- _Input records_
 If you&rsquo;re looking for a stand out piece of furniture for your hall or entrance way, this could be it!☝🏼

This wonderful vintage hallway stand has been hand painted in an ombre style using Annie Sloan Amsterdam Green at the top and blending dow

* * *

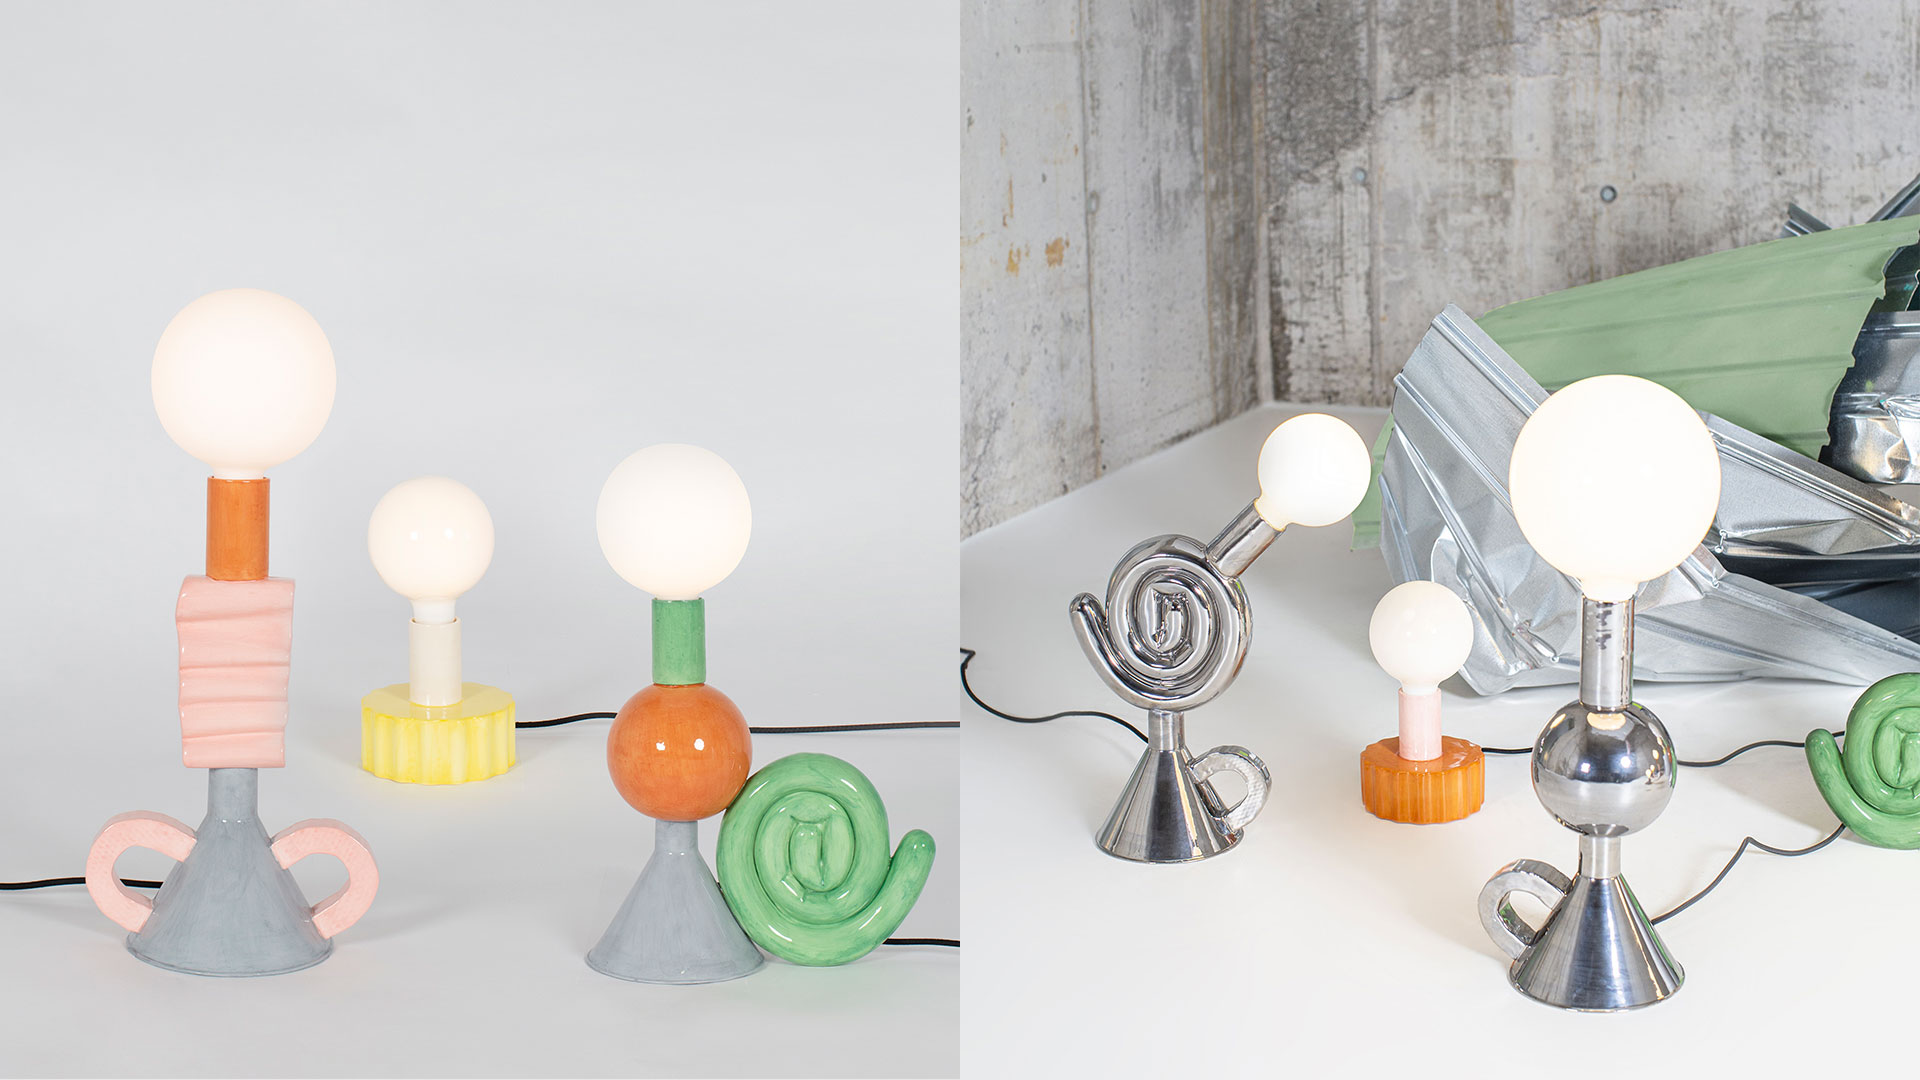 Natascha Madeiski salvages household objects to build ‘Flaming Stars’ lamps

- _Action item_
Give back exactly the lines above, from the line containing "If you&rsquo;re looking" through the line containing "This wonderful vintage", with both end lines and nothing more.

- _Expected answer_
 If you&rsquo;re looking for a stand out piece of furniture for your hall or entrance way, this could be it!☝🏼

This wonderful vintage hallway stand has been hand painted in an ombre style using Annie Sloan Amsterdam Green at the top and blending dow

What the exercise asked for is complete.